## Your goal
Repeat each record exactly, skipping the pictures.

···

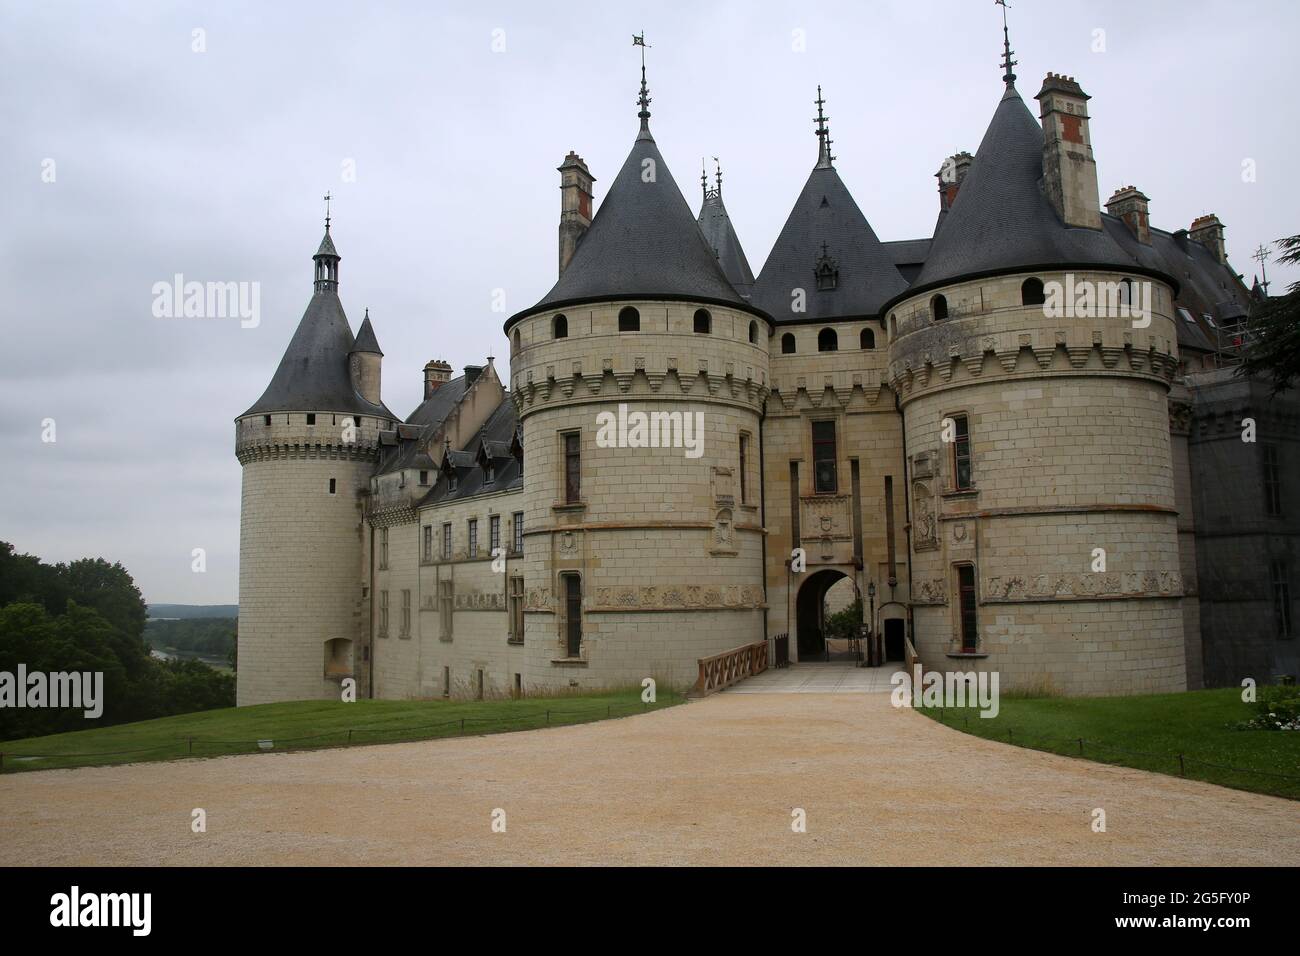 Chateau de Chaumont, Pays de la Loire, France, Europe Stock Photo
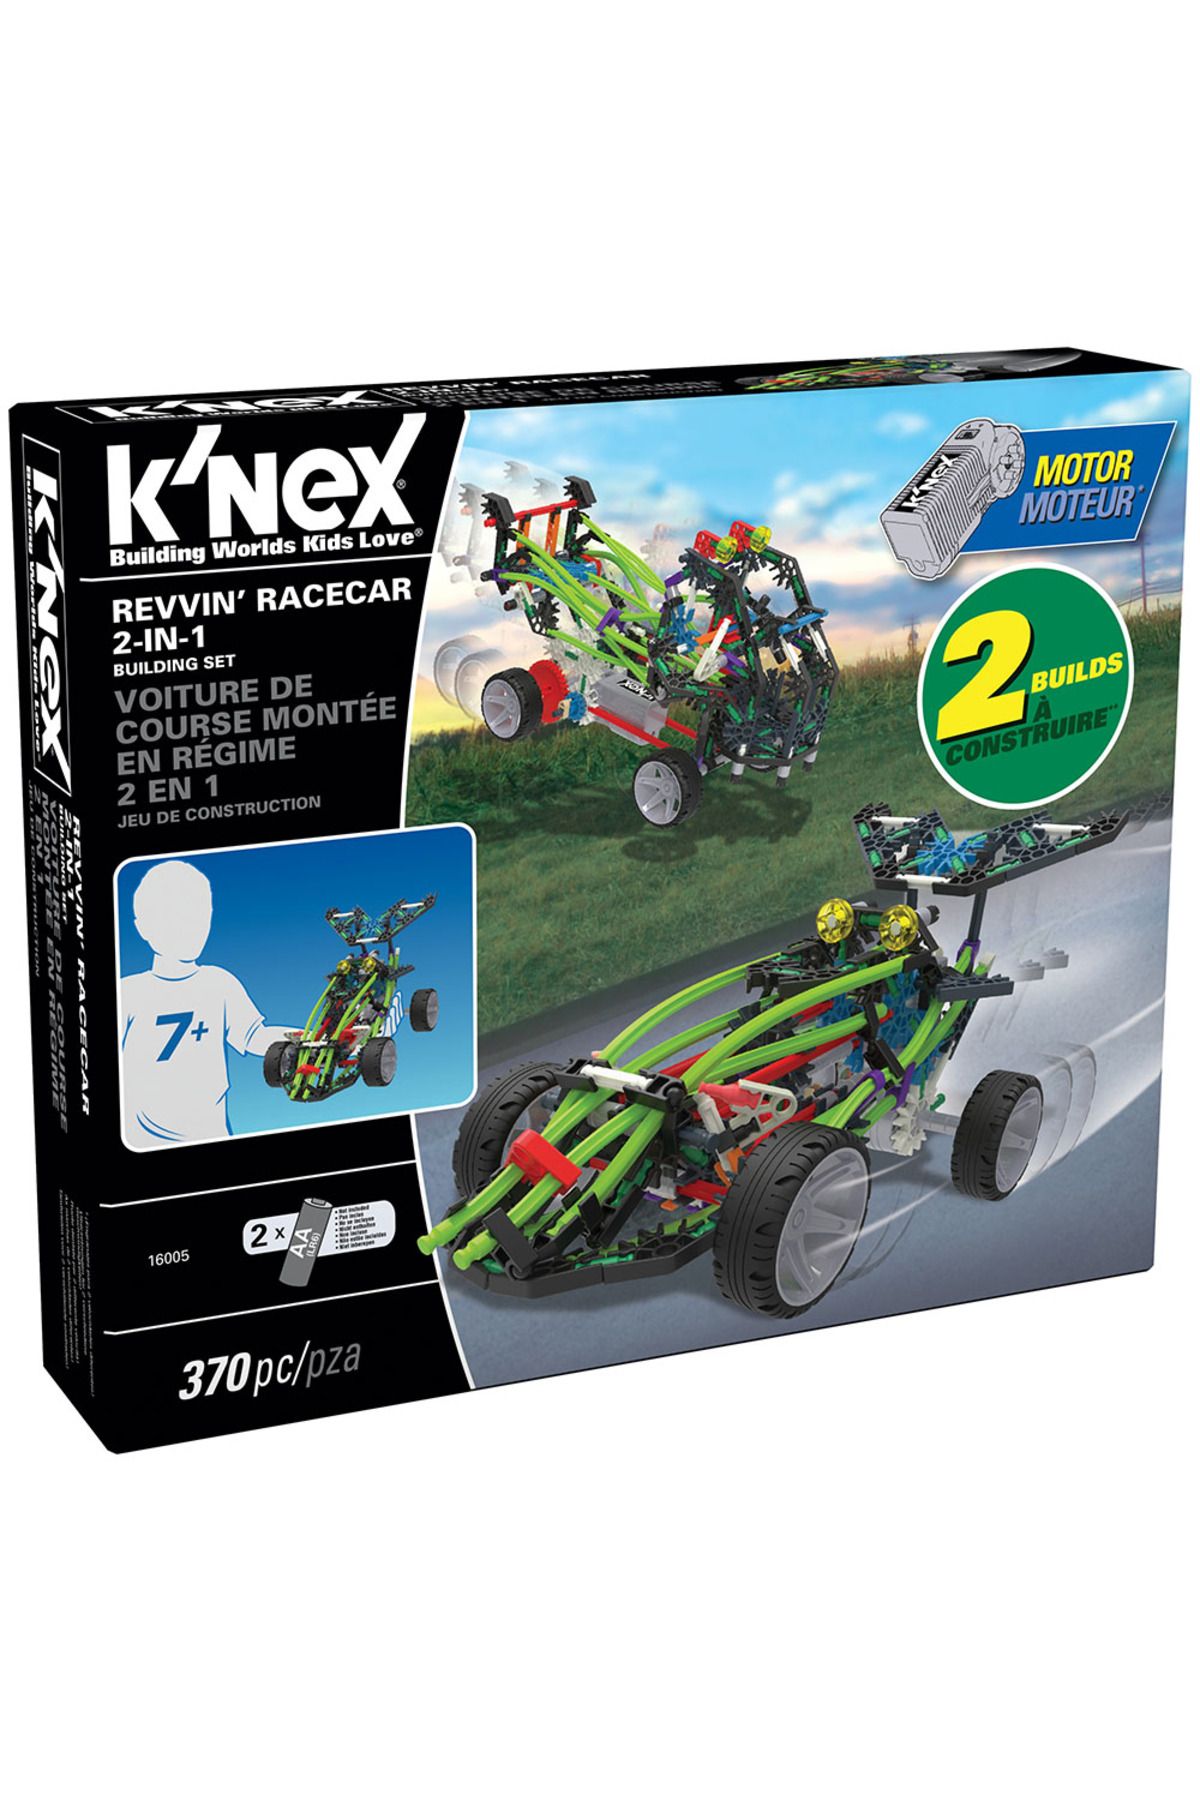 Knex K Nex Yarış Araçları 2 Model (Motorlu) Building Set Knex 16005
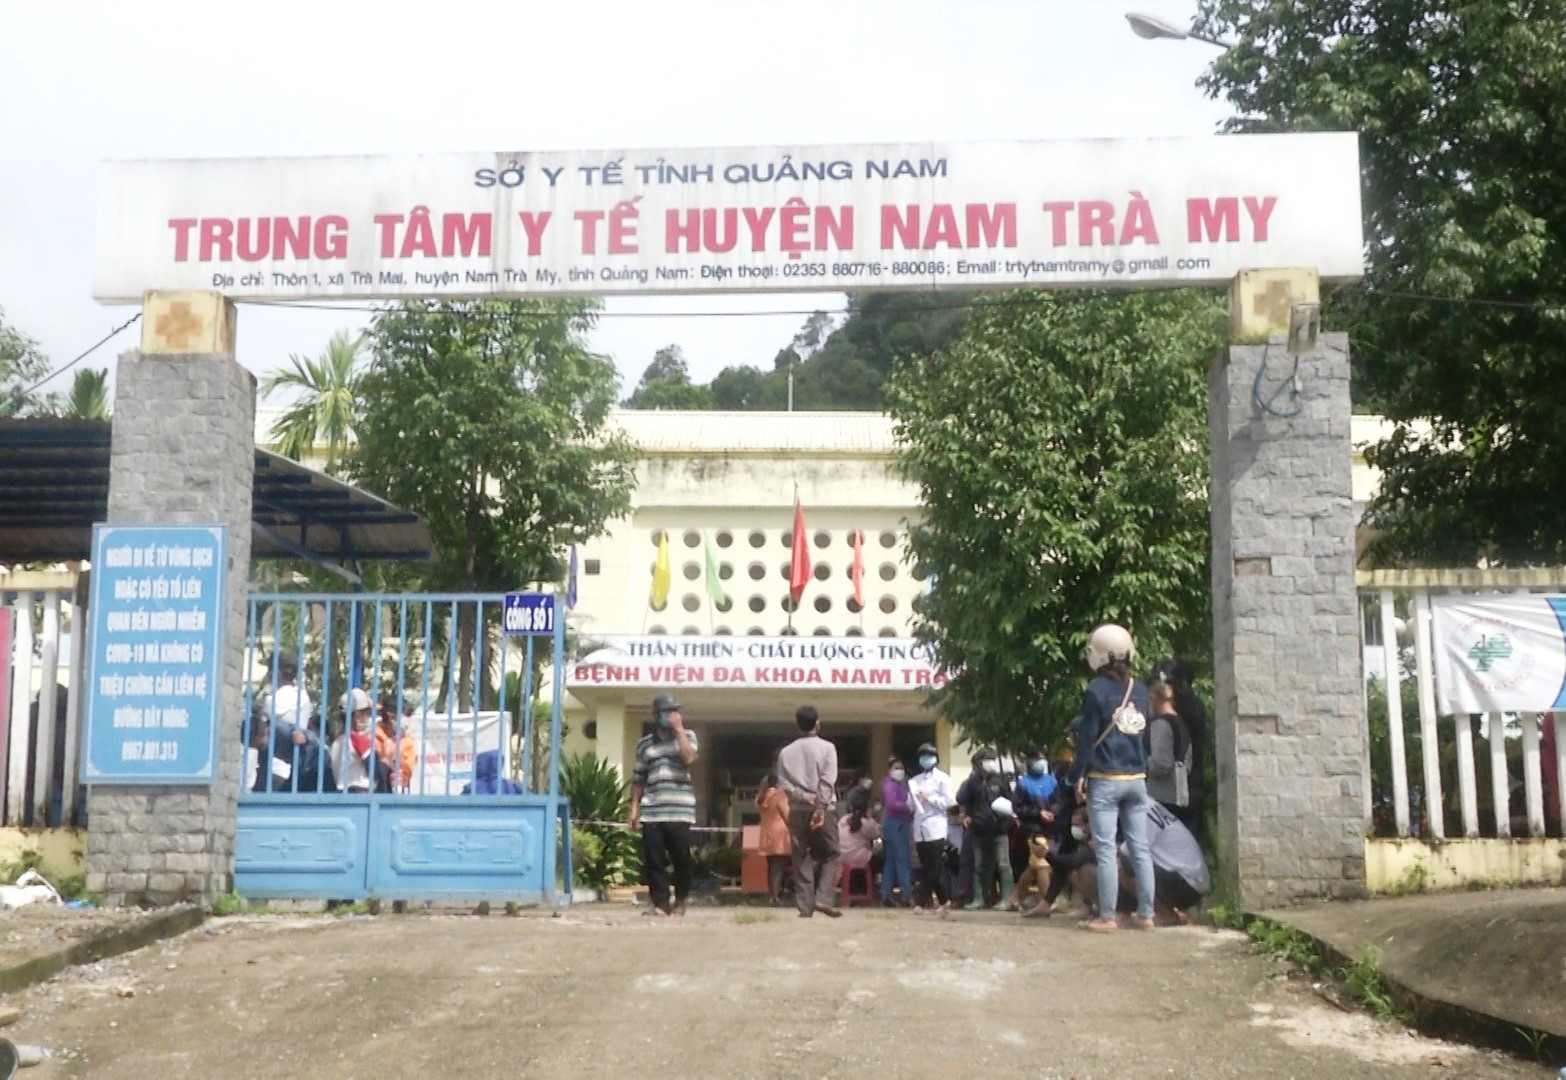 TTYT huyện Nam Trà My rất cần bổ sung nhân lực để khám chữa bệnh cho người dân.
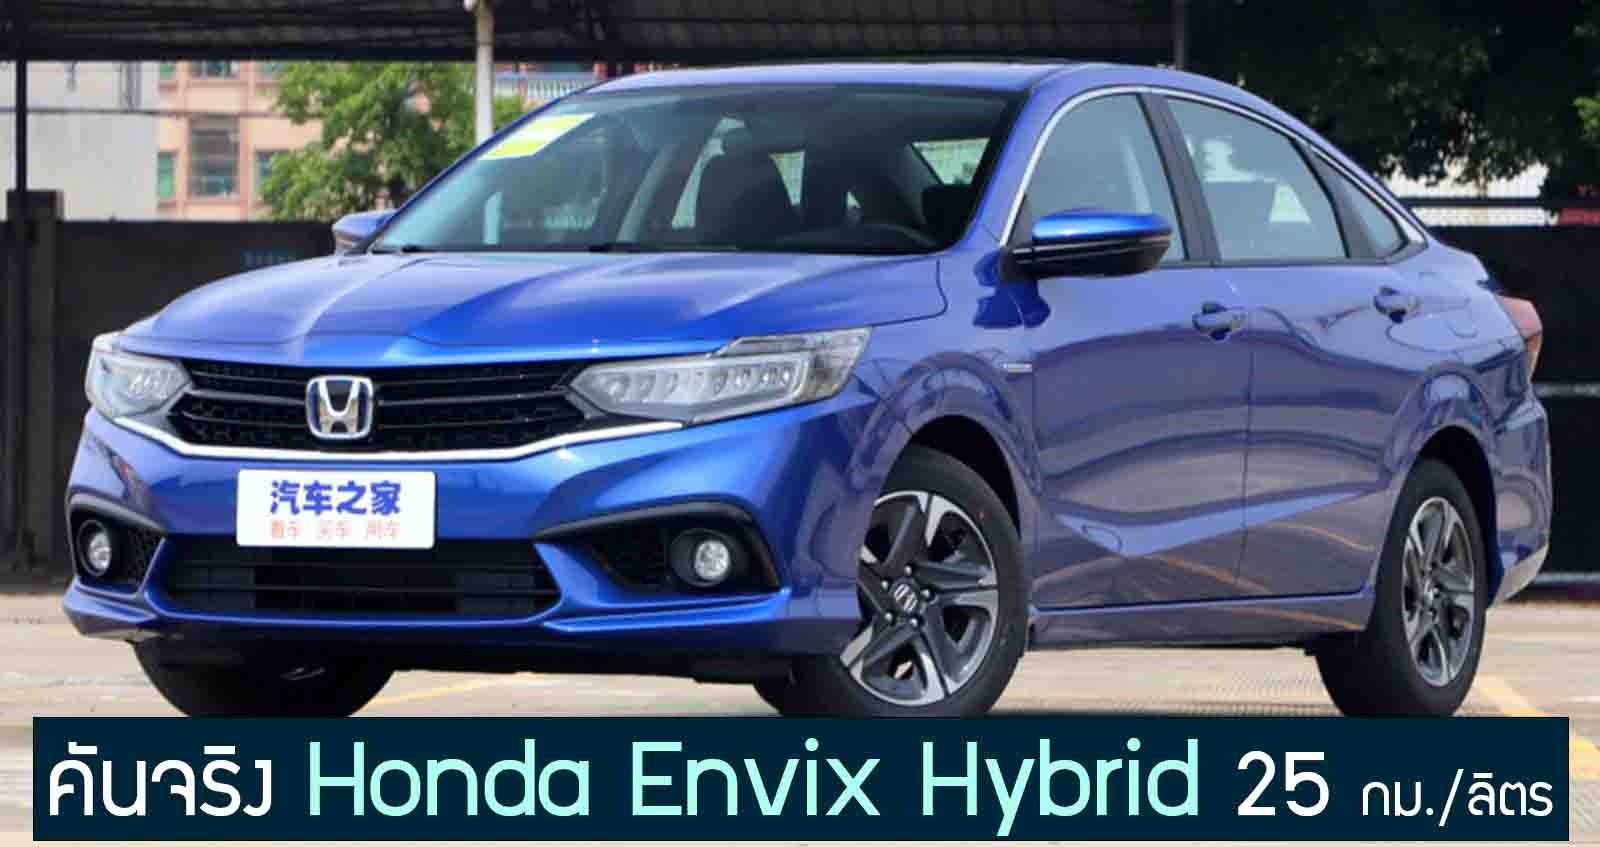 ภาพคันจริง Honda Envix Hybrid สิ้นเปลือง 25 กม./ลิตร ในจีน
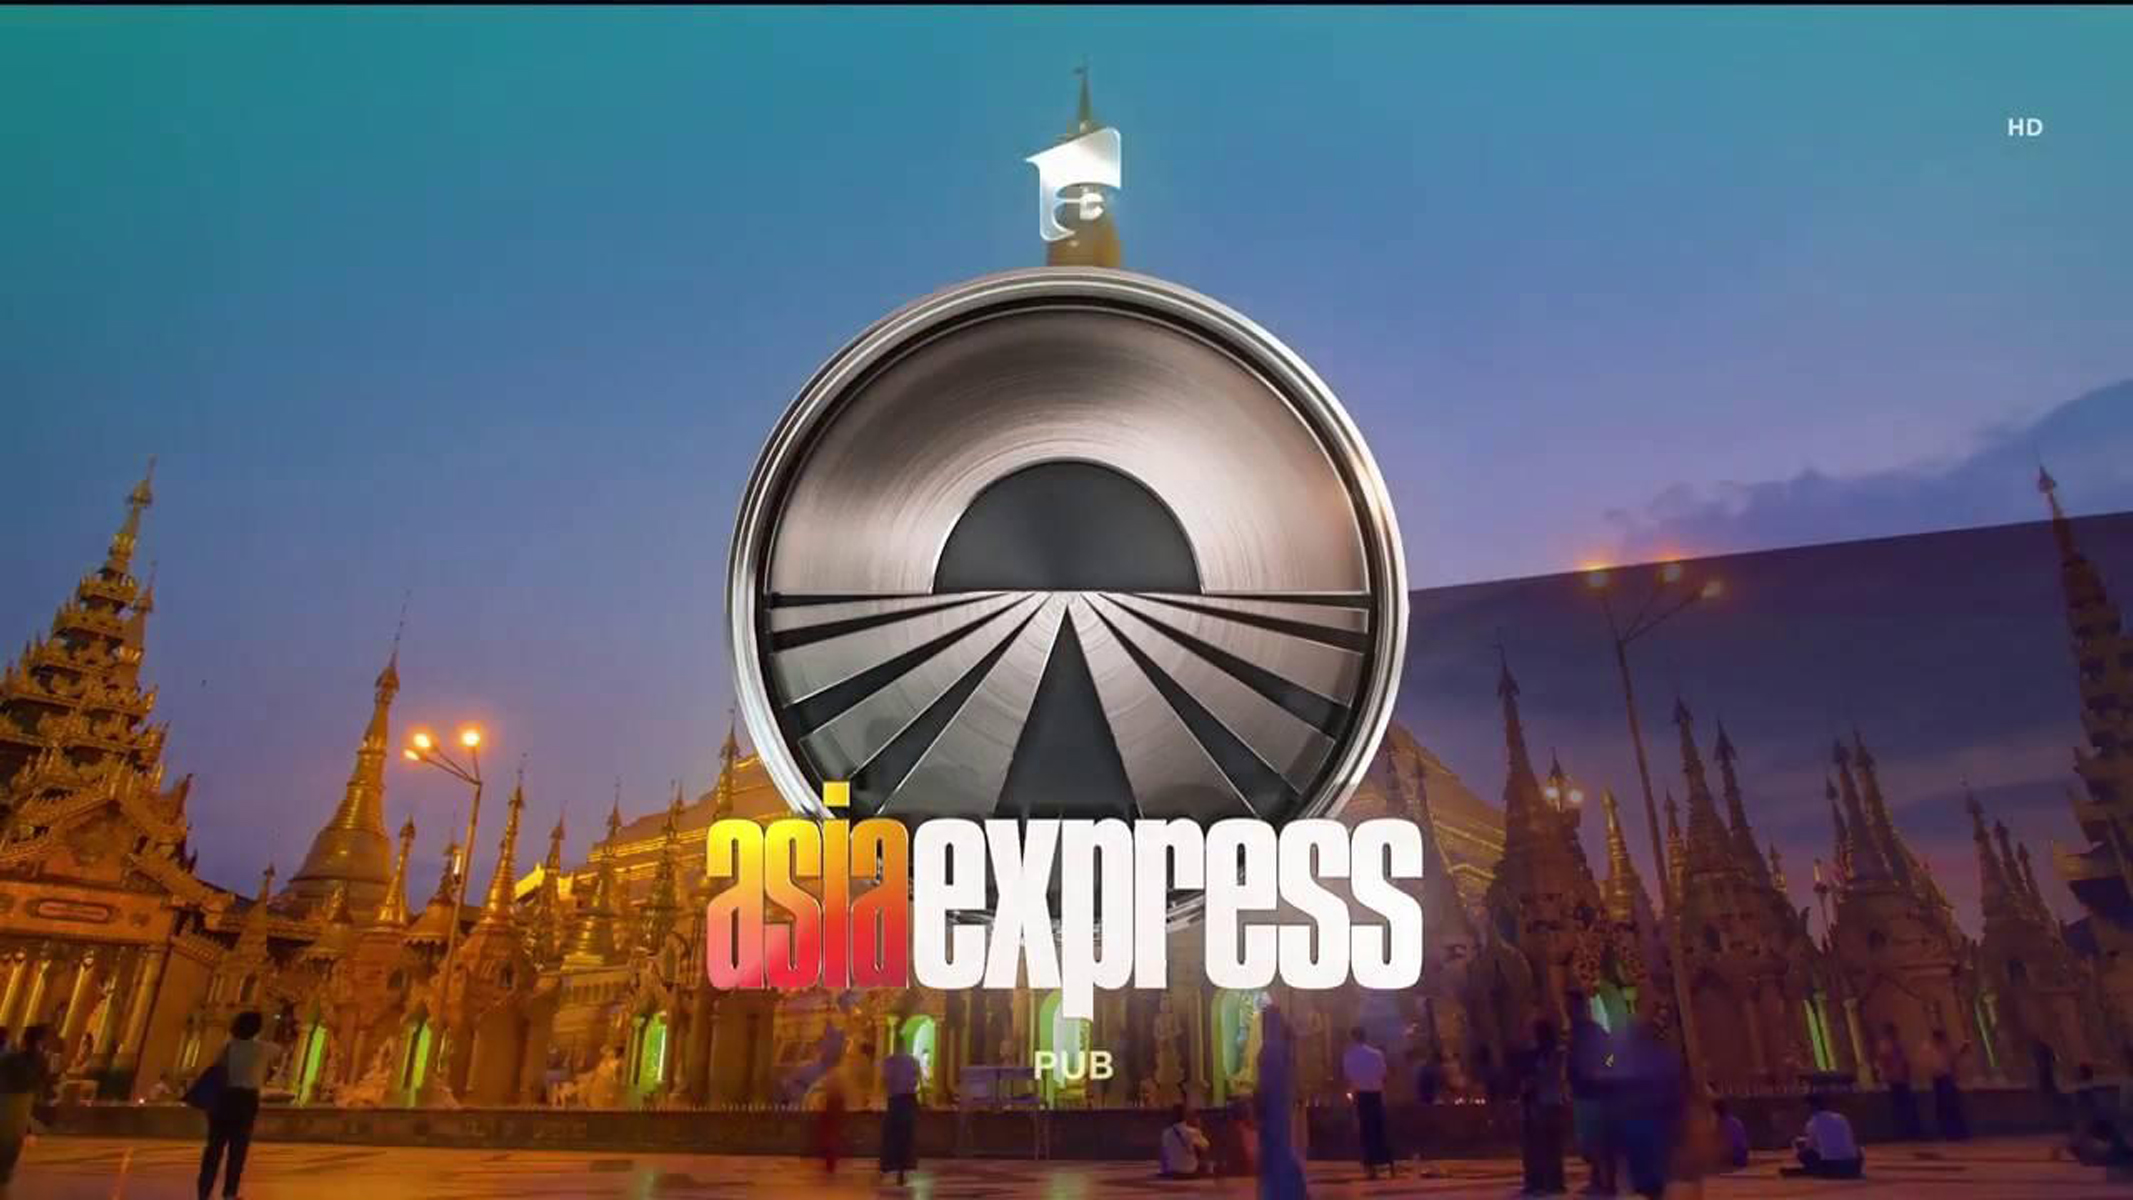  Asia Express

···

## Your response
 Chateau de Chaumont, Pays de la Loire, France, Europe Stock Photo
 Knex K Nex Yarış Araçları 2 Model (Motorlu) Building Set Knex 16005
 TTYT huyện Nam Trà My rất cần bổ sung nhân lực để khám chữa bệnh cho người dân.
 ภาพคันจริง Honda Envix Hybrid สิ้นเปลือง 25 กม./ลิตร ในจีน
  Asia Express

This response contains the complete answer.